Similarly, MODs that portray embodied and embedded filmmakers within local contexts may have the capacity to bolster environmental attitudes, because they highlight human interconnectedness to non-human nature and could encourage a more participatory and cooperative attitude towards nature (Armbruster, 1998, 236). Further research is needed on audience reception of wildlife films in general, and the influence of their MODs in particular. It remains to be seen what role MODs will play in future wildlife films and how they might reinforce or undermine notions of human beings' interrelations within the natural world.

9 CONCLUSION

While MODs in general present an exuberant appreciation of a film and its creative workers, within wildlife films of the blue-chip renaissance this enthusiasm was focused on filmmakers' adherence to the qualities of hardiness, patience and knowledge about wildlife location and behaviour. MODs, in juxtaposing footage of filmmakers at work attempting to capture particular animal footage with that same animal footage, enlist viewers as witnesses not only to the authenticity of that footage, but also to the context of its production. As a result, and within a broadcast climate occasionally containing well-publicized, substantiated allegations of the staging of wildlife footage, MODs shore up the authenticity of their films and programmes by employing observational realism, foregrounding filmmakers' exceptional skills and providing some of the contextual evidence that the filming occurred as advertised. My analysis of the character of blue-chip wildlife MODs extends Gouyon's (2016) historical treatment of earlier MODs which illustrate filmmakers' mastery of nature and licence to offer scientific knowledge. I have shown how these elements are employed in the case of Chimpanzee's making-of trailer.
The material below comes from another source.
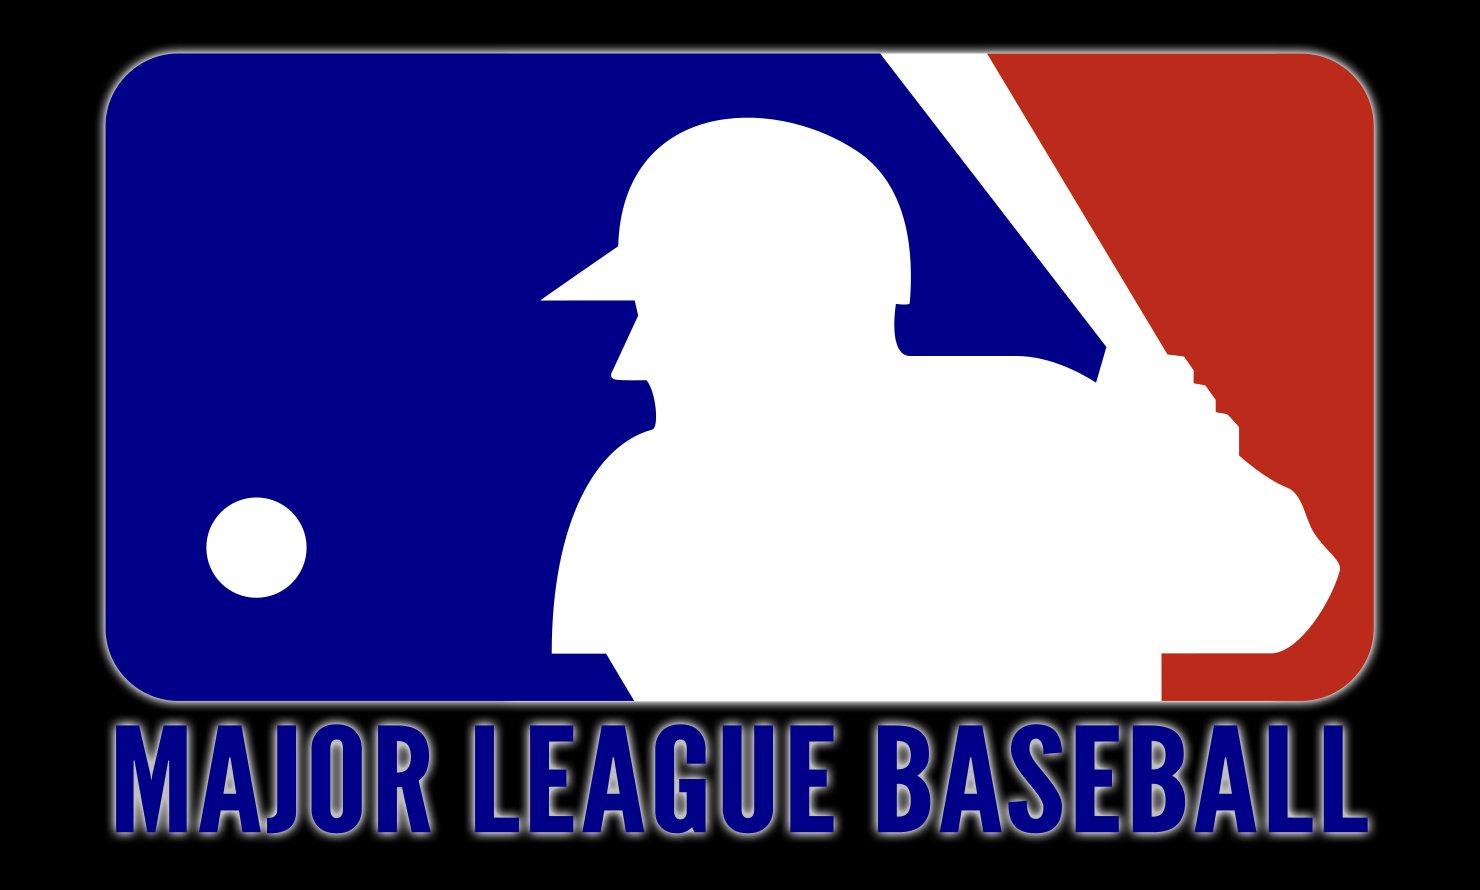 Major League Baseball logo and symbol, meaning, history, PNG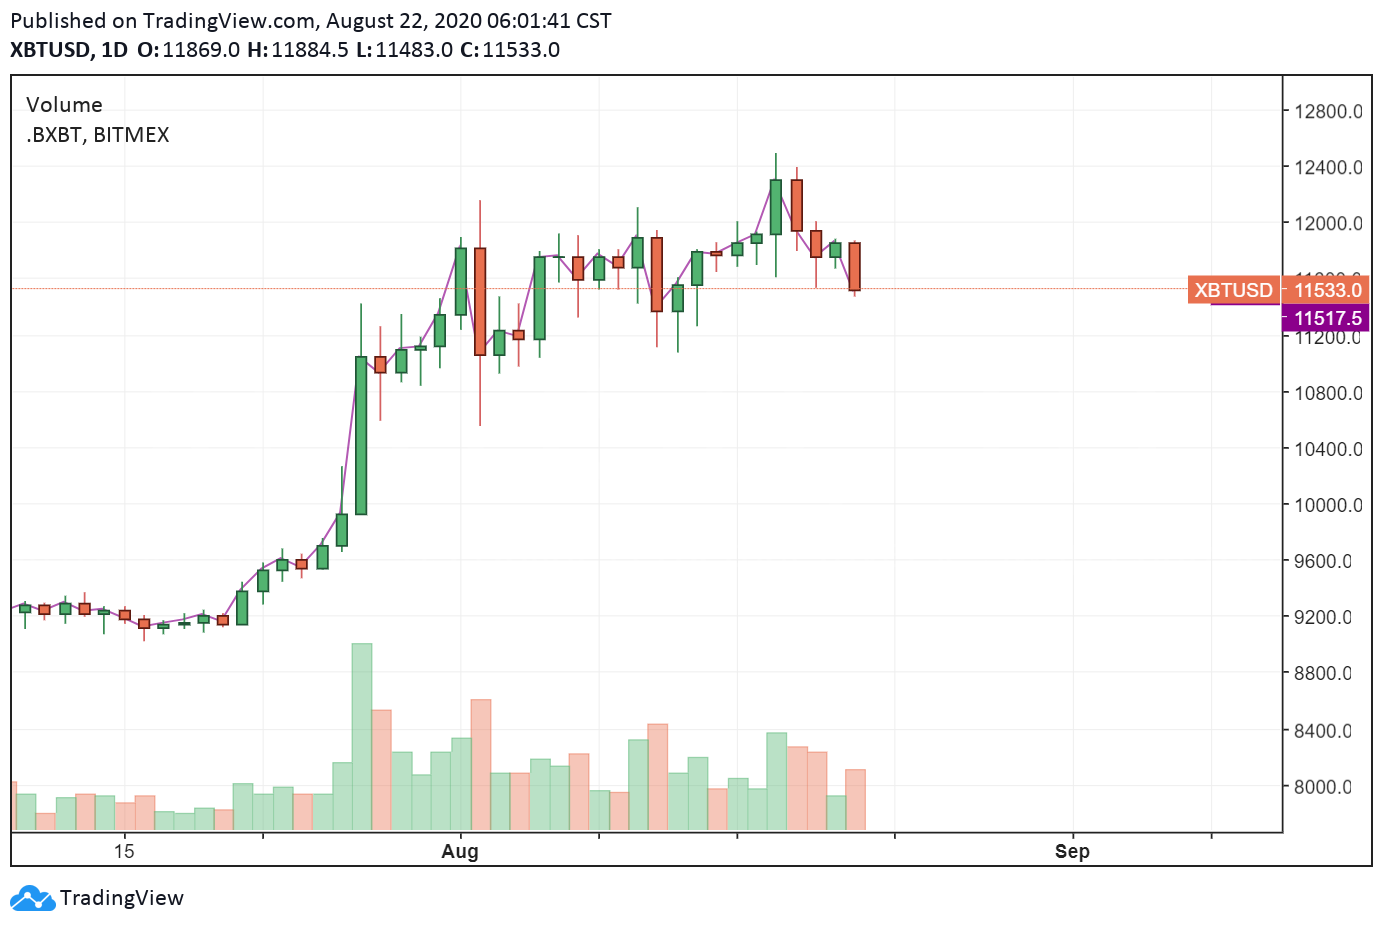 Analysts Fear a Strong US Dollar Will Dampen Bitcoin's Bullish Momentum

By showcasing the on-location physical hardships undergone by the crew, their professionalism and expertise about wild animal behaviour, their technological solutions to filming in the jungle, and the production's ability to adapt to events that drastically impacted the planned storyline, the MOD contributes to a portrait of filmmaker exceptionalism that reinforces Chimpanzee's authenticity but that does not disclose the use of composite animal characters. MODs' prominence within the blue-chip renaissance and their elevation of the cinematic capture of never-before-filmed wildlife is part of the complex ways in which people represent and understand nature in the 21st century.

ACKNOWLEDGEMENTS

I wish to thank Sarah Crowley and Matthew Silk for organizing this special issue, as well as Katey Anderson, the editors at People and Nature, and both anonymous reviewers for their feedback and useful suggestions. I also thank the York STS ‘Immutable Mobiles’ writing group organized by Jamie Elwick. I am grateful for comments on earlier drafts of this article at meetings of the Canadian Society for the History and Philosophy of Science and the History of Science Society. Funding for this research was provided by the Ontario Graduate Scholarship Programme. Publication support was provided by Lyman Briggs College, Michigan State University.

    CONFLICT OF INTEREST

    The author declares no conflict of interest.

    DATA AVAILABILITY STATEMENT

    No data were used for this work.